ABOUT THIS TASK: Write out all of the entries exactly, please.

+--

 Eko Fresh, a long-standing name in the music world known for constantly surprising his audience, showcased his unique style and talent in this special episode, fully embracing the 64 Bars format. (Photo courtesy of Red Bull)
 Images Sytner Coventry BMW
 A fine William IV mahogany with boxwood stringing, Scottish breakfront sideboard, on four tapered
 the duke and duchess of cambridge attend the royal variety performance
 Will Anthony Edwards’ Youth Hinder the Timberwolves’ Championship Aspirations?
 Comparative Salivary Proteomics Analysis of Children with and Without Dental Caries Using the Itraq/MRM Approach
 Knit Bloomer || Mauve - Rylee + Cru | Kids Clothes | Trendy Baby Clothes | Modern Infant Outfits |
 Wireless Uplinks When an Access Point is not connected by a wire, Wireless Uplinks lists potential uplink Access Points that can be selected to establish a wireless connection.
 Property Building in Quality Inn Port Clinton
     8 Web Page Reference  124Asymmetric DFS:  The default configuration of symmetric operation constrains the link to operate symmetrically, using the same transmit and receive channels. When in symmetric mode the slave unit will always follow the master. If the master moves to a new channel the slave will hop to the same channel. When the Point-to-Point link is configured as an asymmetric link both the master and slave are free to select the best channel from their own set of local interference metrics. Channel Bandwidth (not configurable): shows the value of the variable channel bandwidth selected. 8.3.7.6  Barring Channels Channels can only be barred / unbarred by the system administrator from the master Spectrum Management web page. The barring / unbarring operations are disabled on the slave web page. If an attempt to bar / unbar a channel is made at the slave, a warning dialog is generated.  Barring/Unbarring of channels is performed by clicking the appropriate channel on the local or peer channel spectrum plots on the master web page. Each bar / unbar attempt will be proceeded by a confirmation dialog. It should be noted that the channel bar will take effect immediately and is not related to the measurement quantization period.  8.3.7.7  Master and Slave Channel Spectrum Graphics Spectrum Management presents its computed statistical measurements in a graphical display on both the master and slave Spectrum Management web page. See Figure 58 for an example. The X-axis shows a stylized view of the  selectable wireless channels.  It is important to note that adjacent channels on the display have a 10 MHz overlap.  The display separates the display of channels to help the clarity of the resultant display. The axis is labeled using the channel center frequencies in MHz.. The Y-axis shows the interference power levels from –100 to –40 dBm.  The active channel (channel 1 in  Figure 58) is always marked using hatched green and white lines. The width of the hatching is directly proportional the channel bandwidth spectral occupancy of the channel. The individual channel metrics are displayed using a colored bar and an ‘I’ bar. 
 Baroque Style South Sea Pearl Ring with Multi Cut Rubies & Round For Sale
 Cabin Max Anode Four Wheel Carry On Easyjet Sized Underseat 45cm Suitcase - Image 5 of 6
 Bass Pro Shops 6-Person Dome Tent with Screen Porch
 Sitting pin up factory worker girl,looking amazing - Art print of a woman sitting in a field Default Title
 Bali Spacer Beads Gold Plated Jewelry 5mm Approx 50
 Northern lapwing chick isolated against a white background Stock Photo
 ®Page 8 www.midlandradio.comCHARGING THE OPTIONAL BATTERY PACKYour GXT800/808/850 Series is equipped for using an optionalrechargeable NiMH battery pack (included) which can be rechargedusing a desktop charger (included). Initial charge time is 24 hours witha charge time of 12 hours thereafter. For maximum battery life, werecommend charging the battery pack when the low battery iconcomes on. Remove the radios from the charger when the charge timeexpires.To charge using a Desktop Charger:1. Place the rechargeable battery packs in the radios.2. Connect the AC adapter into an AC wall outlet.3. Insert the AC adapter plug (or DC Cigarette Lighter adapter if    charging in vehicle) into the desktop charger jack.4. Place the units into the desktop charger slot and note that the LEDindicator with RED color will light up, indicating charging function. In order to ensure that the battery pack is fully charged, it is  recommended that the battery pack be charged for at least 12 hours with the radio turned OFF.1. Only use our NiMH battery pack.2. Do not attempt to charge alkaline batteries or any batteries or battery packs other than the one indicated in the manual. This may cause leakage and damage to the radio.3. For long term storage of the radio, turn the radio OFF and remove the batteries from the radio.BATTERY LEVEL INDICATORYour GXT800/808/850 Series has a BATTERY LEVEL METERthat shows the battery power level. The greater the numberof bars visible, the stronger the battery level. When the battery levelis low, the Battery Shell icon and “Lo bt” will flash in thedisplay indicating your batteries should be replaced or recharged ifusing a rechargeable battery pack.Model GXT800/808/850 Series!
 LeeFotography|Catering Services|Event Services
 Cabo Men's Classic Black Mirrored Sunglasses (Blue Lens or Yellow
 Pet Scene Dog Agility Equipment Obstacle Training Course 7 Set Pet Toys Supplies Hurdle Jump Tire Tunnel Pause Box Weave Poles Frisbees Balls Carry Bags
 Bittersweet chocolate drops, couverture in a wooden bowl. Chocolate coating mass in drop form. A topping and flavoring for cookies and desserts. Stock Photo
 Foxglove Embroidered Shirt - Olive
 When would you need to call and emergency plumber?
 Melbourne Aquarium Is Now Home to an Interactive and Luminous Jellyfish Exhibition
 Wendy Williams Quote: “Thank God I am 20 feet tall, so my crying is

+--

ANSWER BOX:
 Eko Fresh, a long-standing name in the music world known for constantly surprising his audience, showcased his unique style and talent in this special episode, fully embracing the 64 Bars format. (Photo courtesy of Red Bull)
 Images Sytner Coventry BMW
 A fine William IV mahogany with boxwood stringing, Scottish breakfront sideboard, on four tapered
 the duke and duchess of cambridge attend the royal variety performance
 Will Anthony Edwards’ Youth Hinder the Timberwolves’ Championship Aspirations?
 Comparative Salivary Proteomics Analysis of Children with and Without Dental Caries Using the Itraq/MRM Approach
 Knit Bloomer || Mauve - Rylee + Cru | Kids Clothes | Trendy Baby Clothes | Modern Infant Outfits |
 Wireless Uplinks When an Access Point is not connected by a wire, Wireless Uplinks lists potential uplink Access Points that can be selected to establish a wireless connection.
 Property Building in Quality Inn Port Clinton
     8 Web Page Reference  124Asymmetric DFS:  The default configuration of symmetric operation constrains the link to operate symmetrically, using the same transmit and receive channels. When in symmetric mode the slave unit will always follow the master. If the master moves to a new channel the slave will hop to the same channel. When the Point-to-Point link is configured as an asymmetric link both the master and slave are free to select the best channel from their own set of local interference metrics. Channel Bandwidth (not configurable): shows the value of the variable channel bandwidth selected. 8.3.7.6  Barring Channels Channels can only be barred / unbarred by the system administrator from the master Spectrum Management web page. The barring / unbarring operations are disabled on the slave web page. If an attempt to bar / unbar a channel is made at the slave, a warning dialog is generated.  Barring/Unbarring of channels is performed by clicking the appropriate channel on the local or peer channel spectrum plots on the master web page. Each bar / unbar attempt will be proceeded by a confirmation dialog. It should be noted that the channel bar will take effect immediately and is not related to the measurement quantization period.  8.3.7.7  Master and Slave Channel Spectrum Graphics Spectrum Management presents its computed statistical measurements in a graphical display on both the master and slave Spectrum Management web page. See Figure 58 for an example. The X-axis shows a stylized view of the  selectable wireless channels.  It is important to note that adjacent channels on the display have a 10 MHz overlap.  The display separates the display of channels to help the clarity of the resultant display. The axis is labeled using the channel center frequencies in MHz.. The Y-axis shows the interference power levels from –100 to –40 dBm.  The active channel (channel 1 in  Figure 58) is always marked using hatched green and white lines. The width of the hatching is directly proportional the channel bandwidth spectral occupancy of the channel. The individual channel metrics are displayed using a colored bar and an ‘I’ bar. 
 Baroque Style South Sea Pearl Ring with Multi Cut Rubies & Round For Sale
 Cabin Max Anode Four Wheel Carry On Easyjet Sized Underseat 45cm Suitcase - Image 5 of 6
 Bass Pro Shops 6-Person Dome Tent with Screen Porch
 Sitting pin up factory worker girl,looking amazing - Art print of a woman sitting in a field Default Title
 Bali Spacer Beads Gold Plated Jewelry 5mm Approx 50
 Northern lapwing chick isolated against a white background Stock Photo
 ®Page 8 www.midlandradio.comCHARGING THE OPTIONAL BATTERY PACKYour GXT800/808/850 Series is equipped for using an optionalrechargeable NiMH battery pack (included) which can be rechargedusing a desktop charger (included). Initial charge time is 24 hours witha charge time of 12 hours thereafter. For maximum battery life, werecommend charging the battery pack when the low battery iconcomes on. Remove the radios from the charger when the charge timeexpires.To charge using a Desktop Charger:1. Place the rechargeable battery packs in the radios.2. Connect the AC adapter into an AC wall outlet.3. Insert the AC adapter plug (or DC Cigarette Lighter adapter if    charging in vehicle) into the desktop charger jack.4. Place the units into the desktop charger slot and note that the LEDindicator with RED color will light up, indicating charging function. In order to ensure that the battery pack is fully charged, it is  recommended that the battery pack be charged for at least 12 hours with the radio turned OFF.1. Only use our NiMH battery pack.2. Do not attempt to charge alkaline batteries or any batteries or battery packs other than the one indicated in the manual. This may cause leakage and damage to the radio.3. For long term storage of the radio, turn the radio OFF and remove the batteries from the radio.BATTERY LEVEL INDICATORYour GXT800/808/850 Series has a BATTERY LEVEL METERthat shows the battery power level. The greater the numberof bars visible, the stronger the battery level. When the battery levelis low, the Battery Shell icon and “Lo bt” will flash in thedisplay indicating your batteries should be replaced or recharged ifusing a rechargeable battery pack.Model GXT800/808/850 Series!
 LeeFotography|Catering Services|Event Services
 Cabo Men's Classic Black Mirrored Sunglasses (Blue Lens or Yellow
 Pet Scene Dog Agility Equipment Obstacle Training Course 7 Set Pet Toys Supplies Hurdle Jump Tire Tunnel Pause Box Weave Poles Frisbees Balls Carry Bags
 Bittersweet chocolate drops, couverture in a wooden bowl. Chocolate coating mass in drop form. A topping and flavoring for cookies and desserts. Stock Photo
 Foxglove Embroidered Shirt - Olive
 When would you need to call and emergency plumber?
 Melbourne Aquarium Is Now Home to an Interactive and Luminous Jellyfish Exhibition
 Wendy Williams Quote: “Thank God I am 20 feet tall, so my crying is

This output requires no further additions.